'Fat Gene' Discovered? IRX3 May Be Driving Factor Behind Obesity, Excessive Weight Gain
New research suggests that the gene IRX3 is the driving genetic factor behind obesity, illuminating a potential drug target of the condition that currently affects a third of American adults.
Dr. Marcelo Nobrega, a researcher at the University of Chicago and senior author of the new study, said that the findings also refine the prevailing scientific understanding of the gene FTO — an earlier “fat gene” candidate. “Our data strongly suggest that IRX3 controls body mass and regulates body composition,” he explained. “Any association between FTO and obesity appears due to the influence of IRX3.”
The study, which is published in the journal Nature, used mouse models with the IRX3 gene knocked out. Nobrega and his colleagues found that these mice were significantly leaner compared to mice who had the gene, weighing about 30 percent less on average. The lower weight was mainly the result of less fat tissue.
Additionally, a more thorough analysis revealed that the knockout mice had smaller fat cells and increased levels of so-called brown fat — that is, fat tissue capable of burning calories. “These mice are thin,” co-author Chin-Chung Hui explained. “They lose weight primarily through the loss of fat.
“They are also completely resistant to high-fat diet-induced obesity,” he added. “They have much better ability to handle glucose, and seem protected against diabetes.”
Fighting the Obesity Epidemic
The Centers for Disease Control and Prevention estimates that obesity now affects one-third of U.S. adults. The metabolic disease has been associated with a heightened risk of developing a range of other conditions, including heart disease, stroke, type 2 diabetes, and certain cancers. The agency estimates that the annual medical cost of the epidemic is $147 billion.

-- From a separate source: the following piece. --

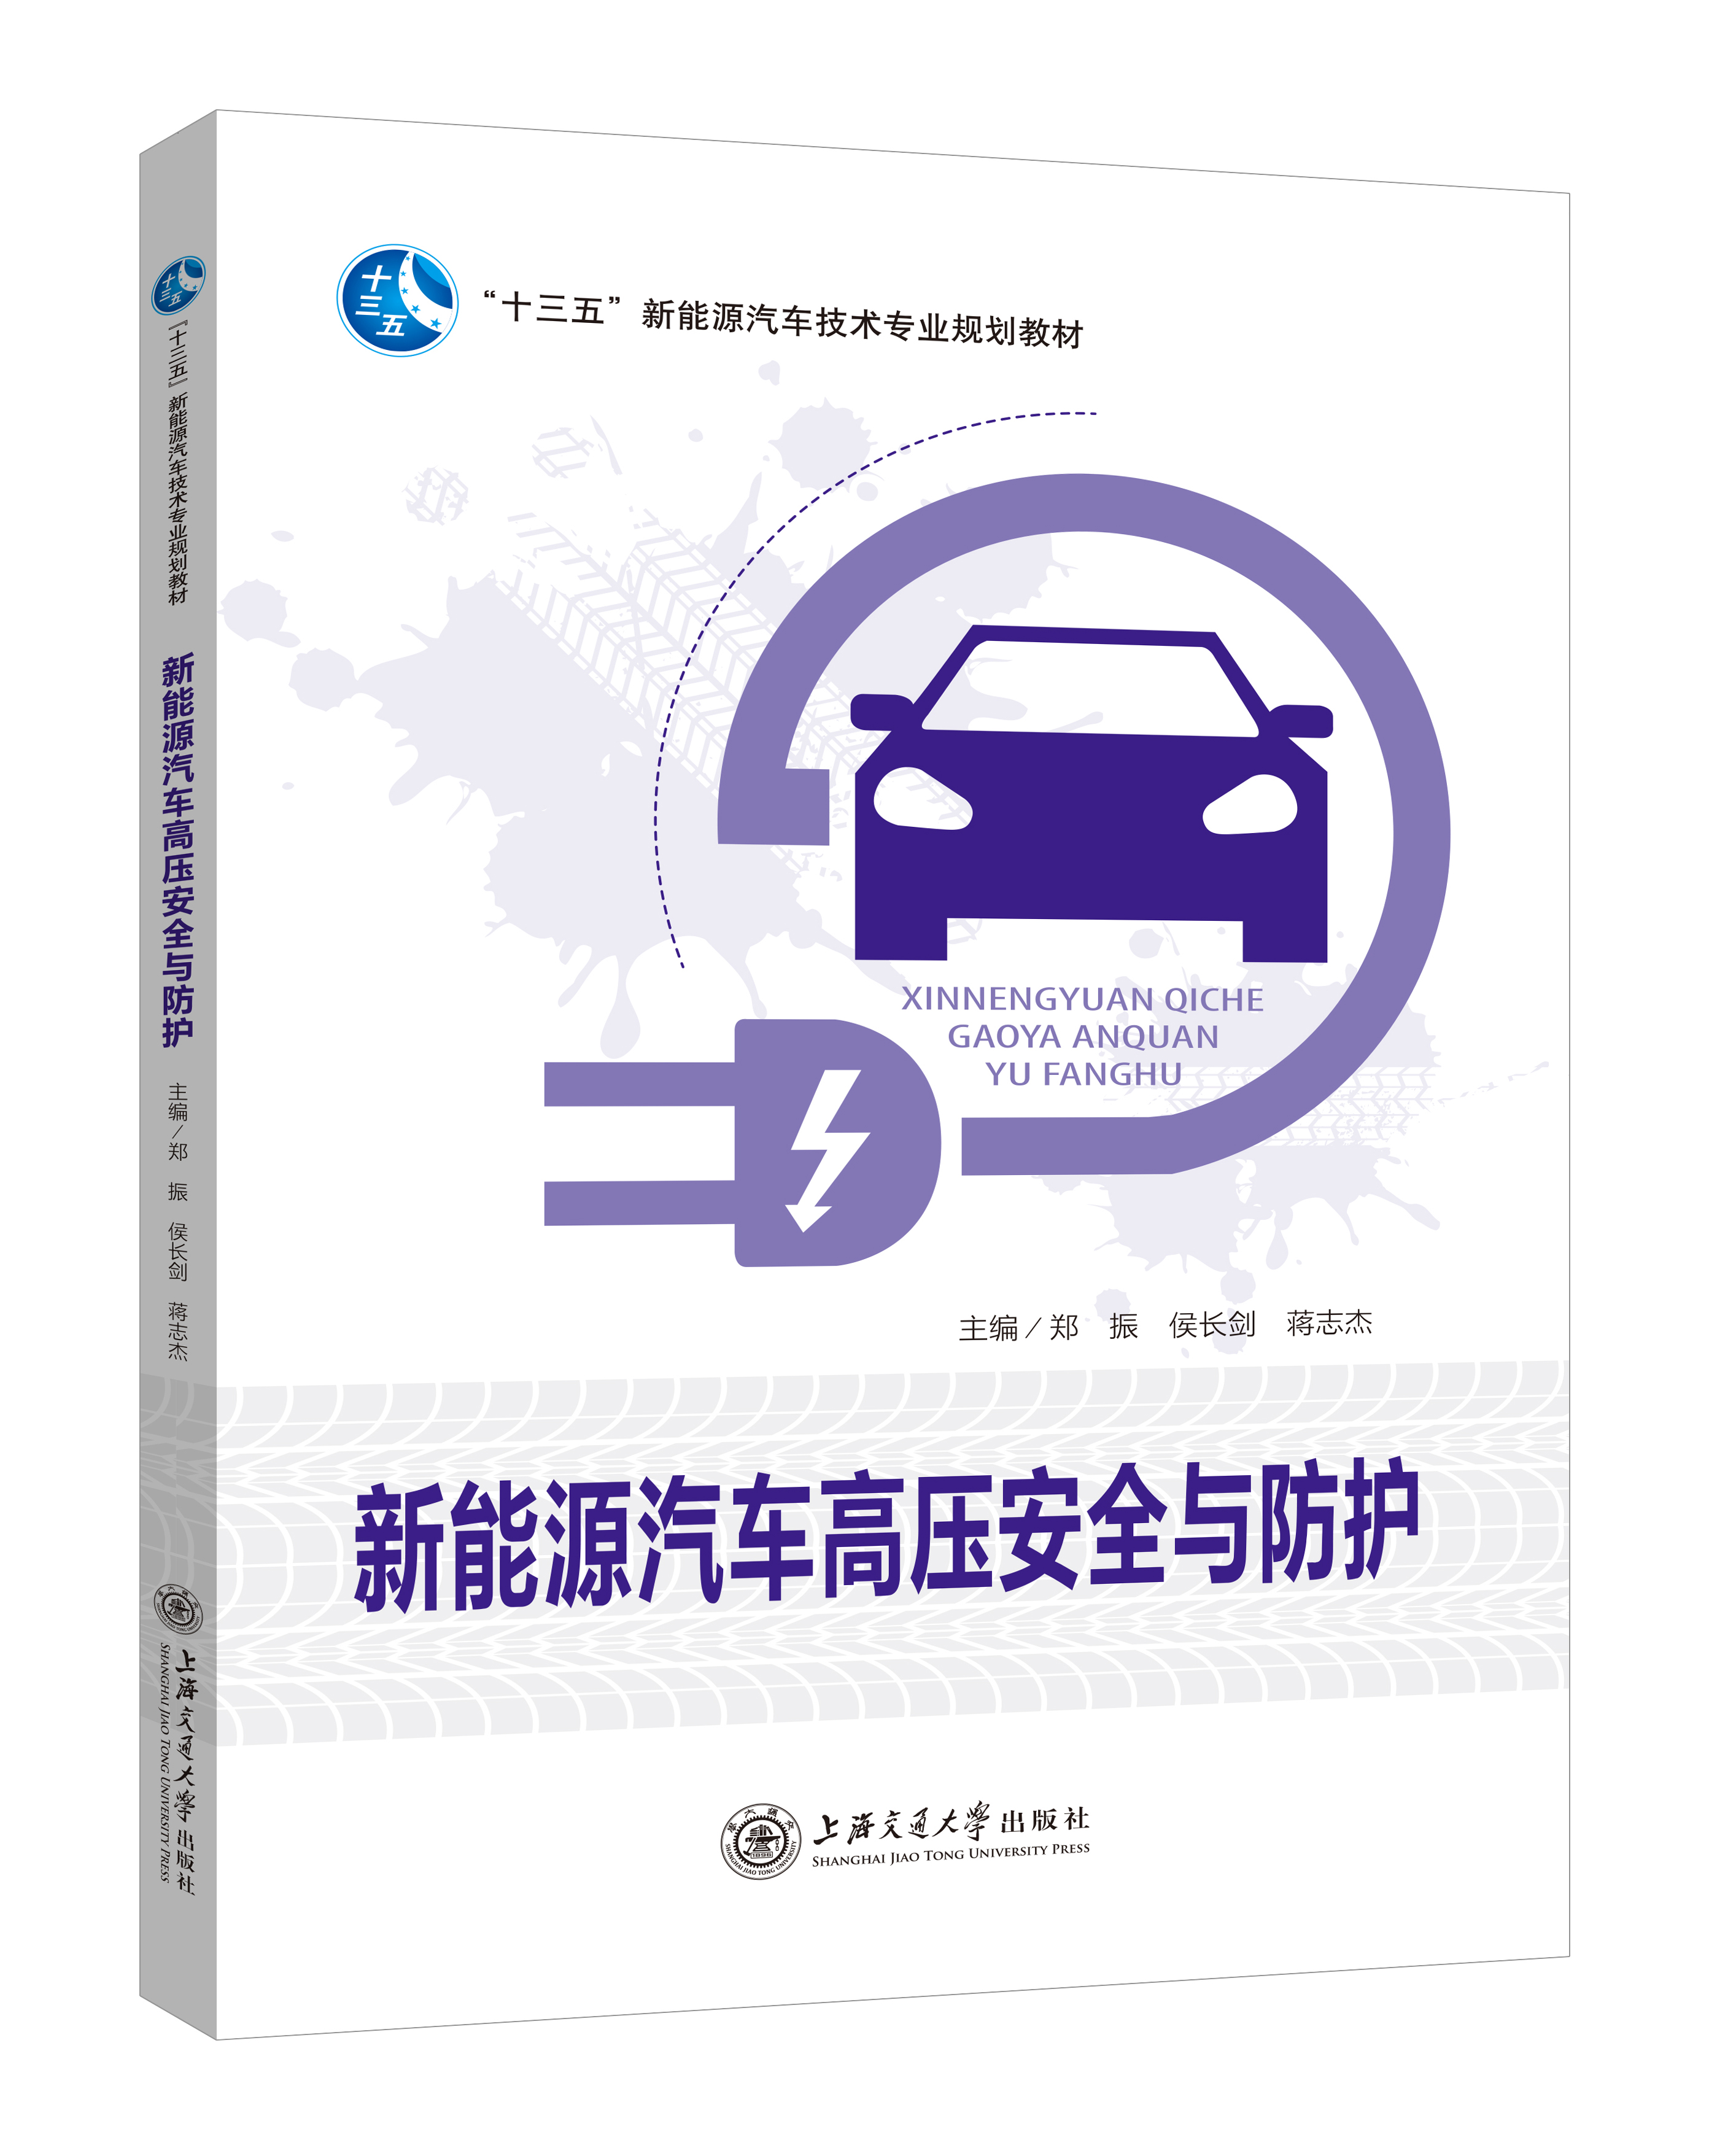 《新能源汽车高压安全与防护》(双色版)

Nobrega’s study is the latest in an ever-growing series of attempts to identify a biological basis of obesity and excessive weight gain in general. Another example is a study from last year, in which researchers from Charité-University Medicine in Berlin linked the condition to a faulty "appetite hormone." Health experts hope that these efforts will lead to new, more effective treatments.
“IRX3 is probably a master regulator of genetic programs in the cells where it is expressed,” Nobrega said. “We’re interested in what its targets are and what they alter. The goal is to identify downstream targets of IRX3 that become models for drug targeting.”